Russia Election: Vladimir Putin Wins Presidential Poll Amid Allegations Of Fraud

Putin Wins Third Term Amid Allegations Of Voter Fraud

Vladimir Putin has won a third term as president, officials declared, after an election marred by allegations of widespread voter fraud.

Opposition figures said they were preparing huge demonstrations against the result in Moscow.

With 99% of ballots counted the United Russia leader won with almost 64% of the vote, election officials said.

Communist Gennady Zyuganov came second with around 17% of the vote.

Mikhail Prokhorov, a billionaire owner of an American basketball team, came in third, Nationalist Vladimir Zhirinovsky came fourth and socialist Sergei Mironov behind him. All three registered single digits in the poll.

Grigory Yavlinsky, leader of the liberal opposition Yabloko party, was not allowed to register for the election.

"I promised you we would win, and we won," Putin shouted to a flag-waving crowd of thousands of supporters outside the Kremlin on Sunday night, after claiming victory with just a quarter of votes counted.

Putin's eyes swam with tears, the AP reported, as he told his supporters that they had defeated those who wanted to "destroy" Russian statehood.

Outgoing president Dmitry Medvedev stood beside him as he said: "we showed that no one can direct us in anything!"

Putin, who served as prime minister between 2008 and 2012 after two terms as president, but has been widely seen as Russia's de facto leader since 2000 regardless of his official title, praised the elections as an "open and honest struggle".

But opponents disputed the landslide results, and said that there was evidence of widespread fraud, intimidation and ballot-box stuffing.

Despite Putin's strong support among many in Russia, who see him as a guardian of stability, the opposition had hoped to push him into a second round of voting.

Russian independent election watchdog Golos said there had been widespread claims of "carousel voting" in which voters were bused to different poll stations to vote multiple times.

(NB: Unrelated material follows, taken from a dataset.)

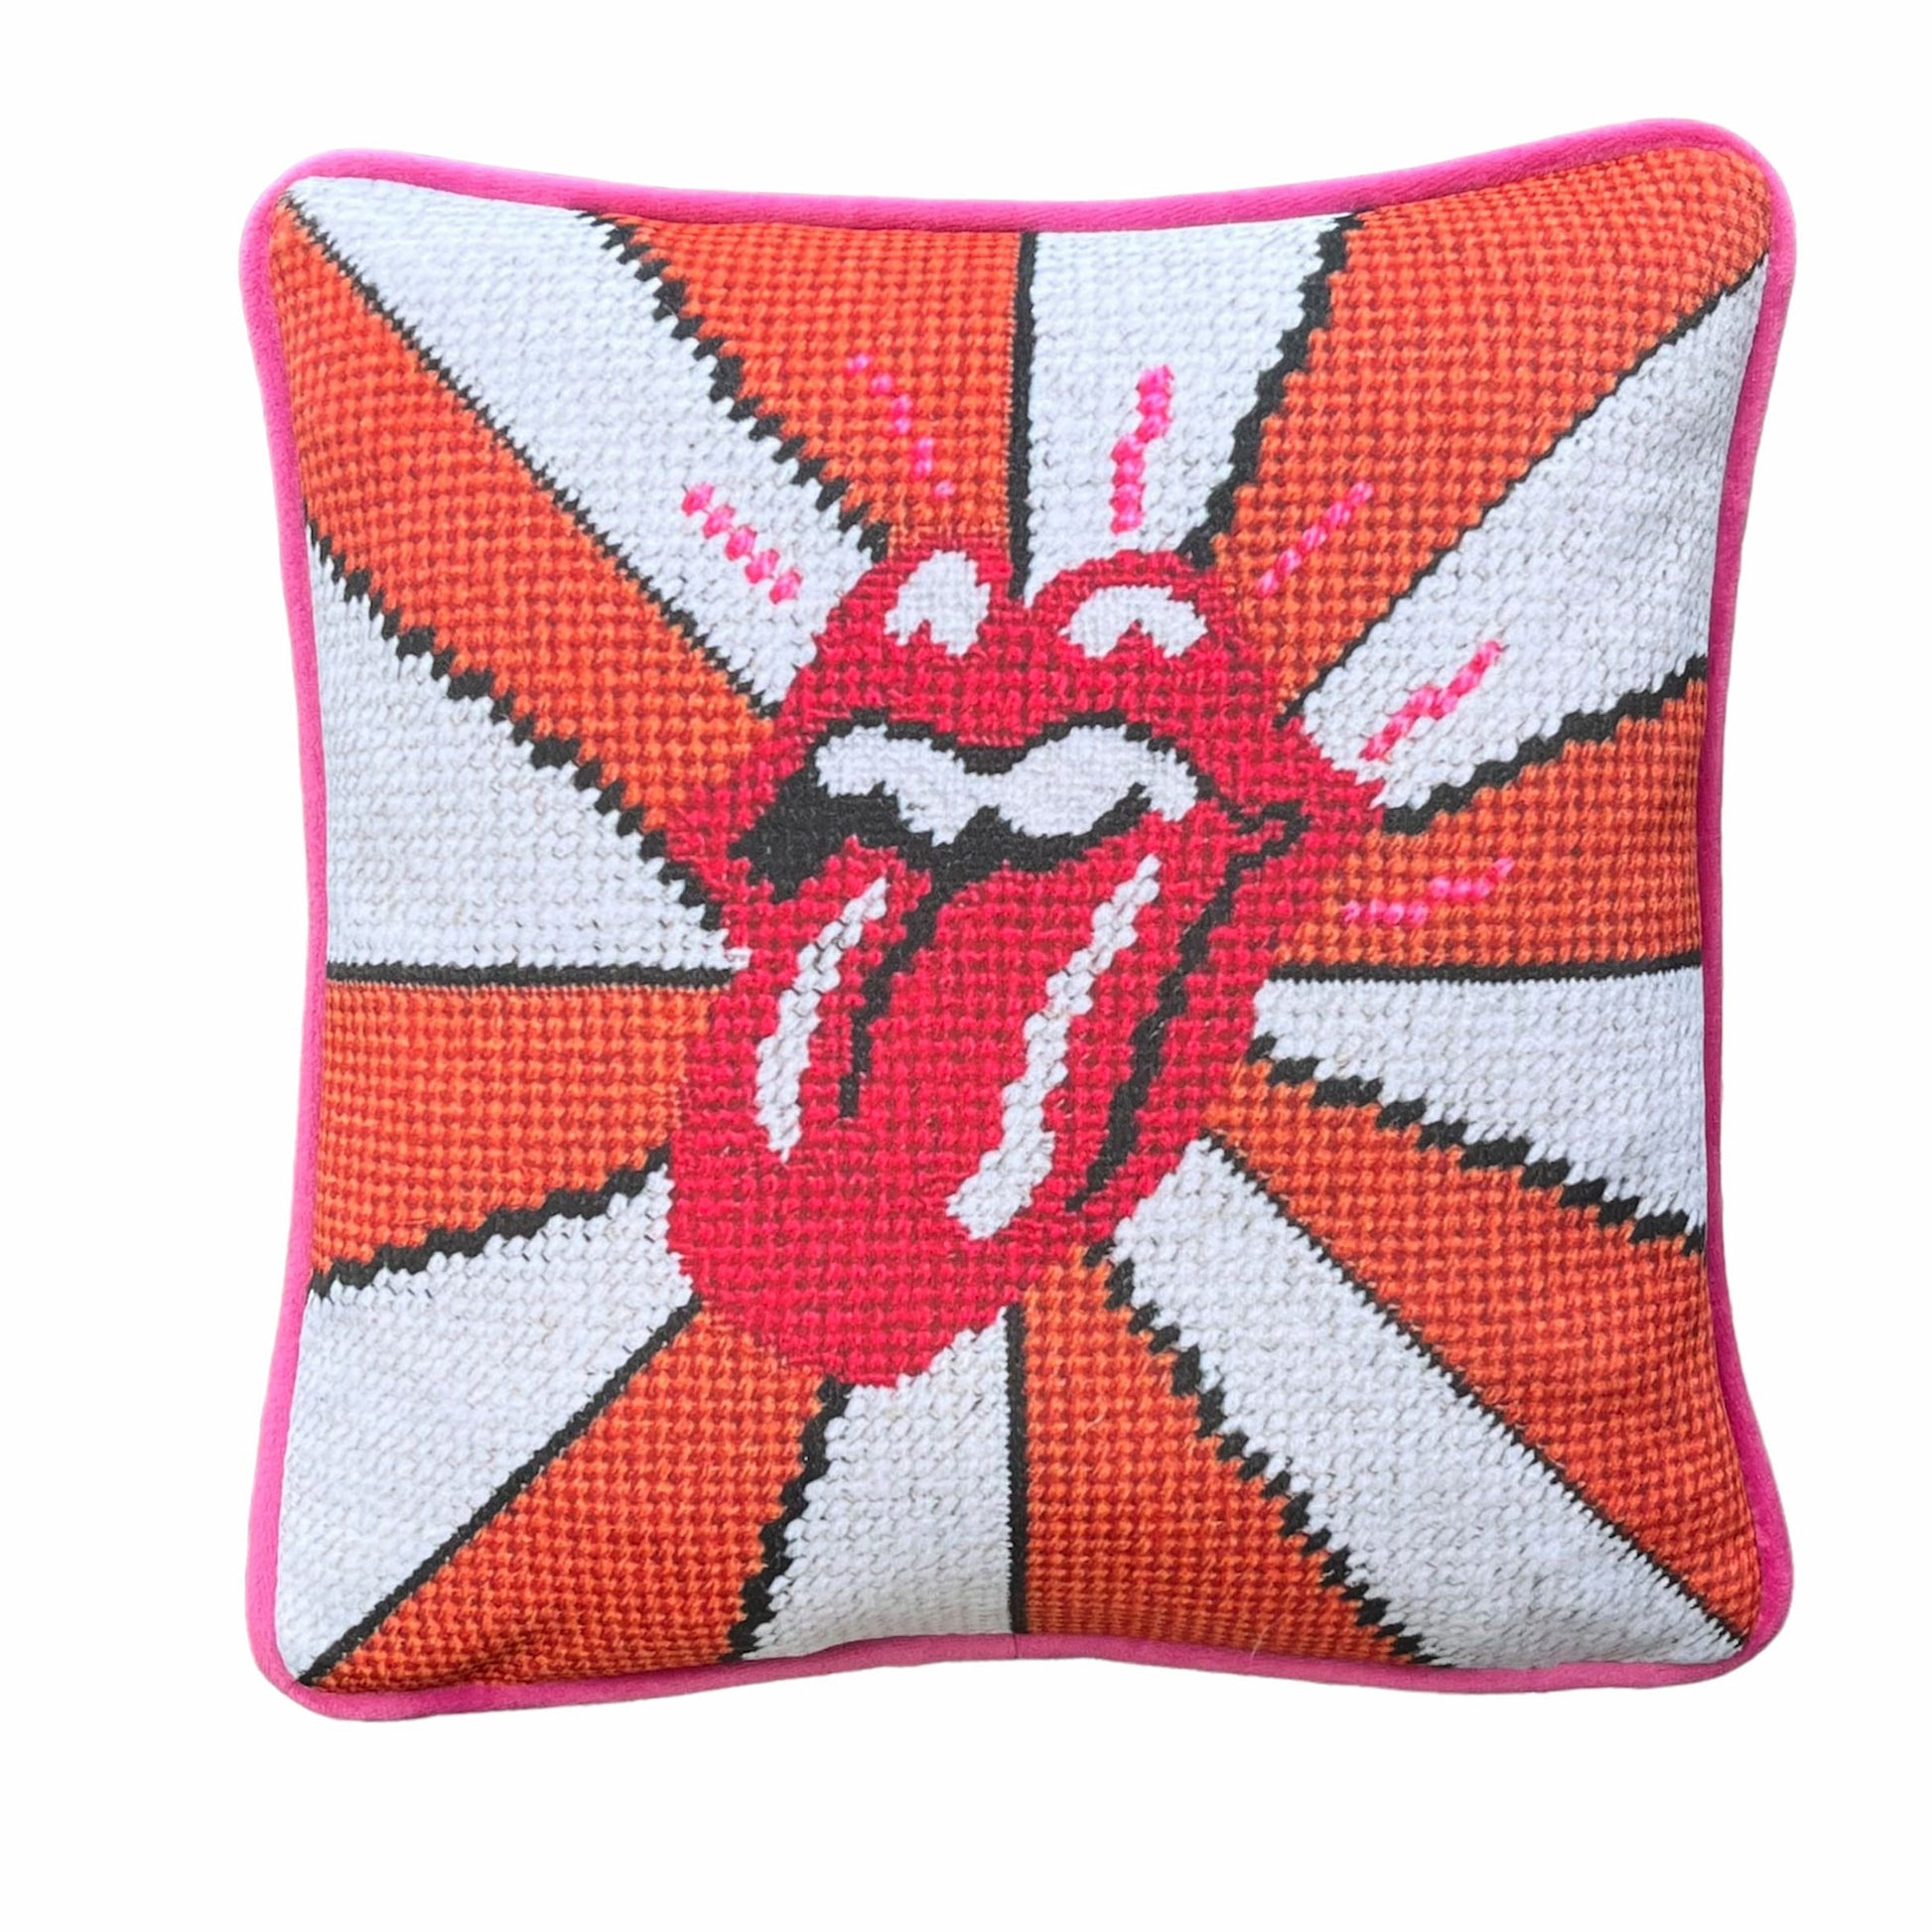 iconic rolling stones tongue with carousel gold and white bands, hot pink highlights
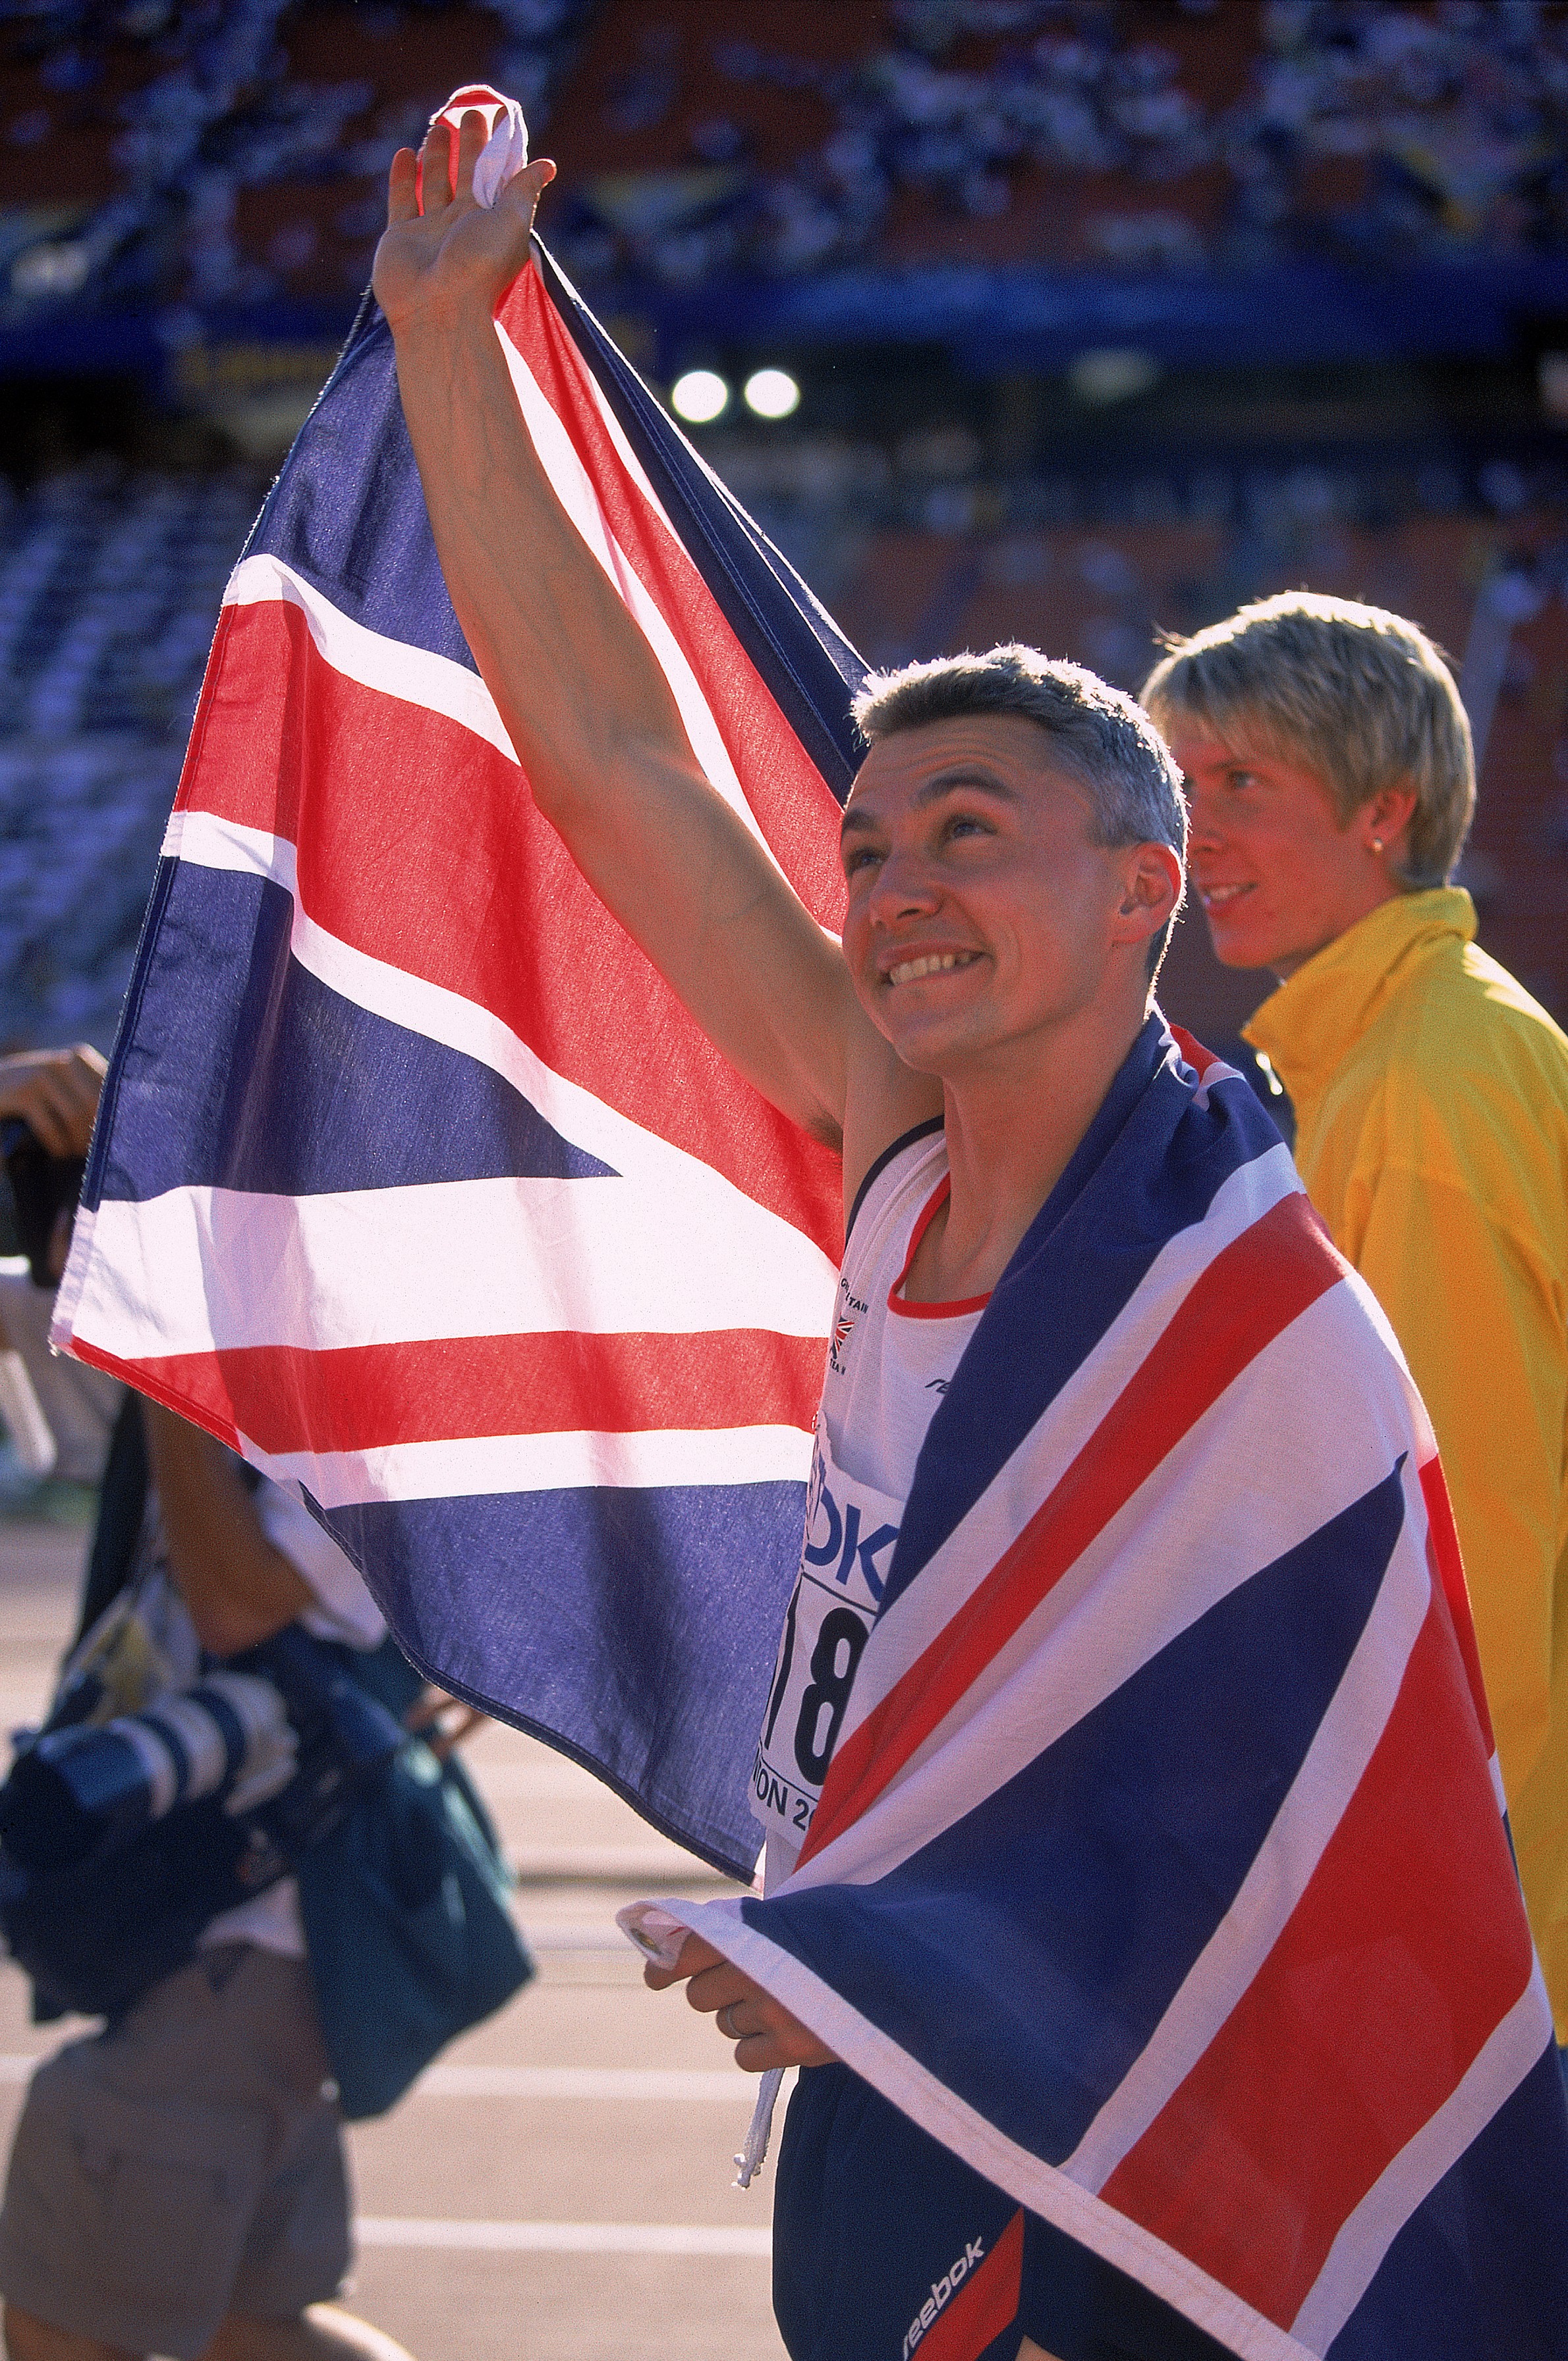 6 Aug 2001:  Jonathan Edwards of Great Britian celebrates during the Men's Triple Jump Event for the IAAF World Championships at the Commonwealth Stadium in Edmonton, Alberta, Canada.Mandatory Credit: Adam Pretty/AUS  /Allsport

At one polling station in Dagestan, near Chechnya, web cams showed Putin supporters throwing ballot after ballot into boxes.

The Central Election Commission responded by saying the results from that station would not be valid.

In some stations near Dagestan Putin received more than 90% of the vote.

"These elections are not free. ... That's why we'll have protests tomorrow," said opposition politician Mikhail Kasyanov, who was Putin's first prime minister.

"We will not recognise the president as legitimate," he said.

The claims echo those made in December after independent observers said parliamentary elections had been tainted by a number of violations.

Those allegations sparked a wave of protests, seen by many as posing the first serious threat to Putin's authority for more than a decade.

Fresh demonstrations against the election result are expected in Moscow on Monday. On Sunday evening a woman was arrested after she stropped to his waist and revealed the word "thief" written on her body, the AP said.

Putin's campaign chief, Stanislav Govorukhin, said the claims of fraud were "ridiculous."

A spokesman said: "We fully support the important democratic elections in Russia as elsewhere in the world.

"As a Council of Europe member state Russia has an obligation to uphold key democratic norms and standards."

Former foreign secretary David Miliband branded Putin a "ruthless" dictator whose days are numbered.

In an article for The Sun he warned it would be wrong to underestimate the "intelligent" leader but predicted he will not survive a six-year term at the Kremlin.

Miliband wrote: "It is wrong to underestimate Putin. He is intelligent, worldly and ruthless."

Relations between Britain and Russia reached breaking point after the murder in London of dissident critic Alexander Litvinenko but have been more cordial since Prime Minister David Cameron's visit to the nation last year.